躺在牀上,聽着外面呼呼的北風,寒露眼睛一眨不眨的。
直到一陣風過,挾着刺骨的寒意,她才閉了閉眼睛,這破屋子漏風漏得厲害。
這時,旁邊遽然響起一個小女孩的哭聲,然後衣袖被緊緊地抓着:“娘......”
這是寒露穿越過來的第三天,還是一個自稱是吳嬸子的鄰居過來送米湯的時候,嘮叨了幾句,她才知道穿越後的自己——沒有最苦,只有更苦。
“娘......娘你不要......死......”小女孩的聲音越來越小了,餓得沒力氣了。
寒露暗歎一口氣,自己這是做了甚麼孽啊?
雖然才二十二歲,卻是個寡婦,還帶着三個孩子,也不知道甚麼原因,竟被婆家人分家,給塞到村頭也不知道做甚麼用的破茅屋裏。

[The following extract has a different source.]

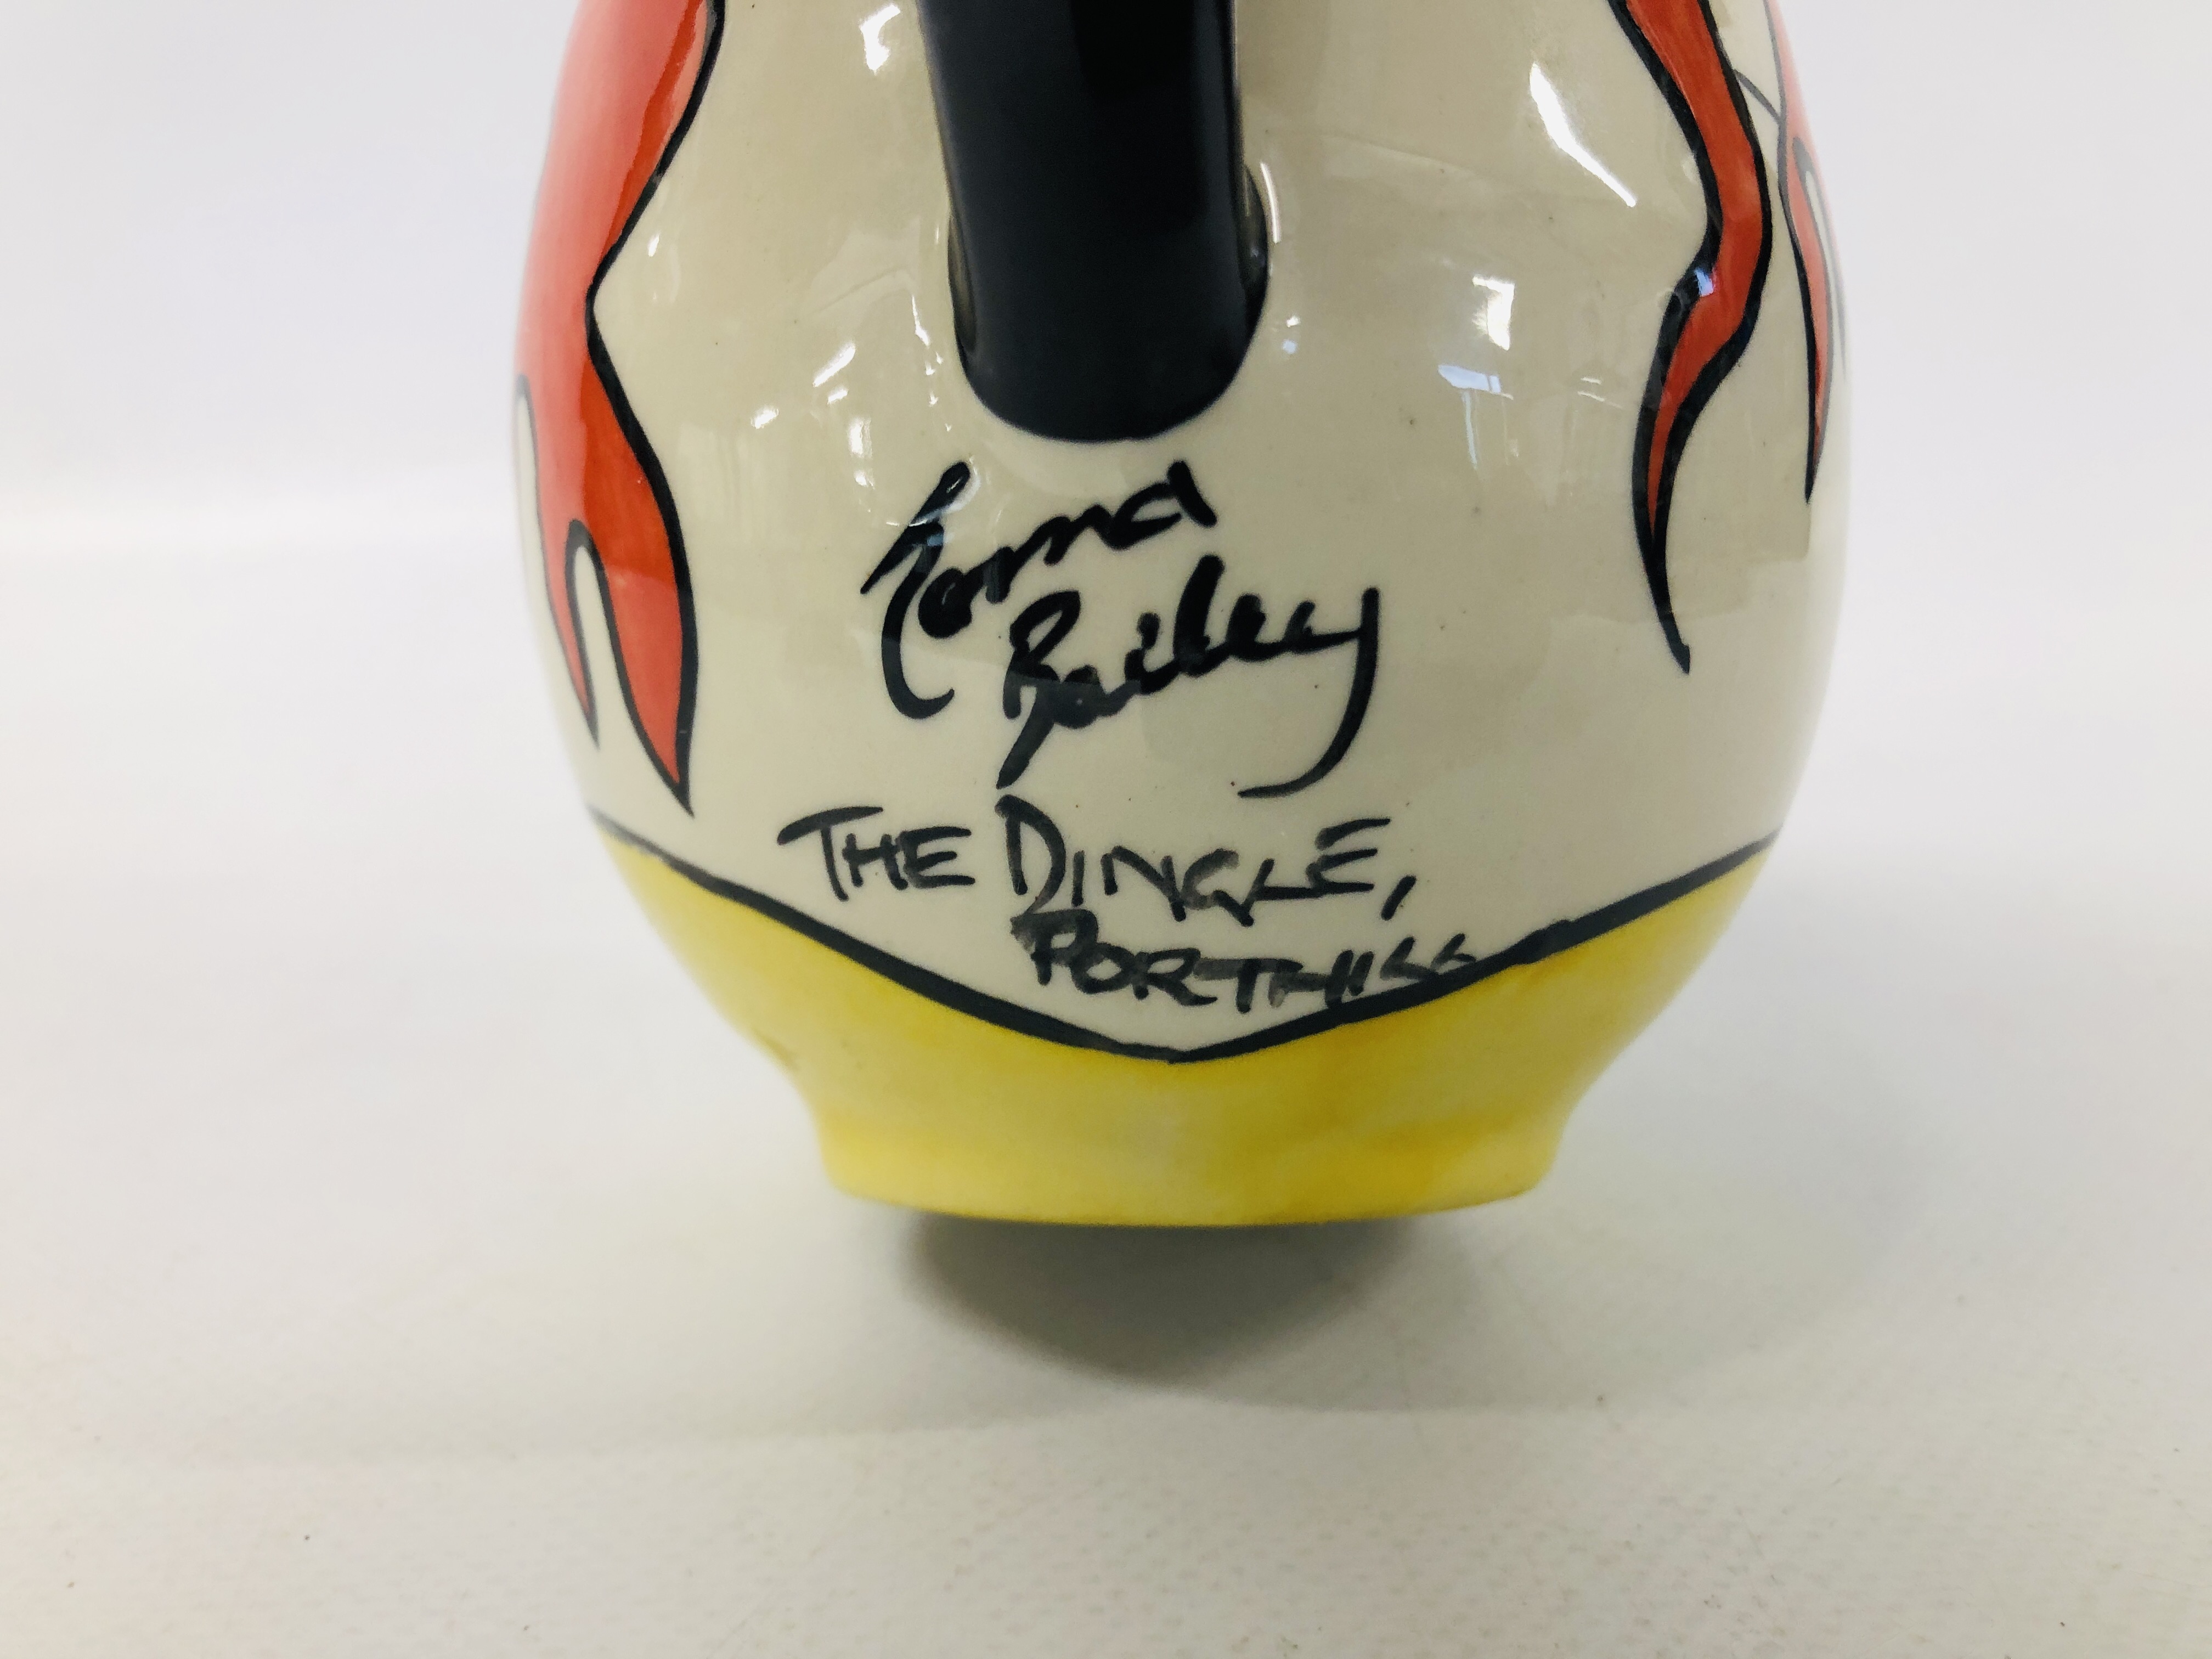 "THE DINGLE" OLD ELLGRRAVE POTTERY MILK JUG SIGNED BY LORNA BAILEY, H 13CM. - Image 3 of 4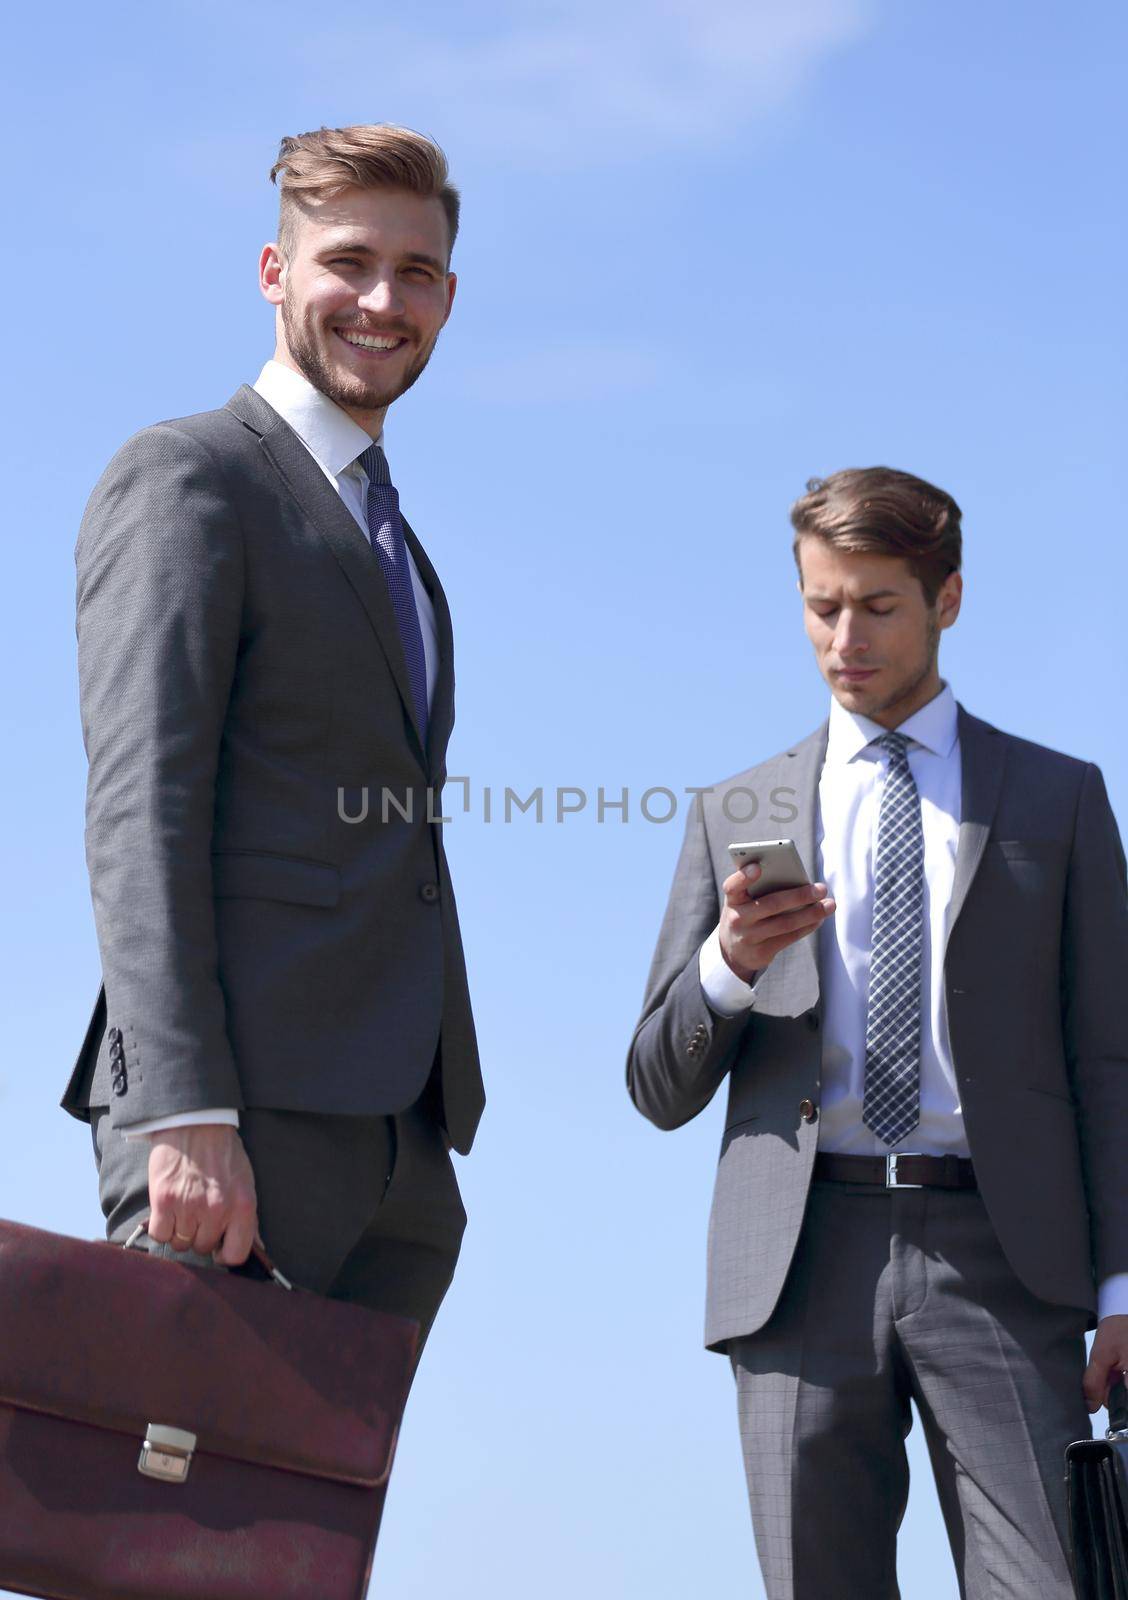 two modern business people standing on the street by asdf

在旁邊哭的是原主的小女兒,才三歲,還沒有正式的名字,平時都喚她妞妞。
被這孩子哭得鬧心,寒露扭頭小聲地問道:“妞妞,是不是餓了?”
聲音想大也大不了,因爲她也餓。
“妞妞不餓,娘......別死......”妞妞癟了癟嘴,撲到寒露的身上。
小丫頭餓得一雙大眼睛都凹了進去,卻顯得越發地大,但也盛不住那眼淚珠子,滾了一臉。
只是雖然瘦小,但依舊把寒露撲得差點兒閉過氣去。
推了推,卻沒推動。
不過,好歹穿越一場,要死也不能這麼着被壓死,太憋屈。
……
虎子看了寒露一眼,寒露問道:“誰啊?”
虎子的心裏頓時難過起來,娘真的是被自己氣糊塗了,要不怎麼連二伯孃的聲音都聽不出來了。
“娘,是二伯孃。”虎子小聲道,怕驚着他娘了。
孩子們的二伯孃?寒露衝着虎子點了點頭。
虎子立即起身走出了房門:“二伯孃,我娘醒了。”
“醒了就好,你趕緊拿個碗過來,把這碗麪湯倒了端給你娘喝了。”門外的聲音有些焦急,“快點兒,你奶去河裏洗菜,快回來了!”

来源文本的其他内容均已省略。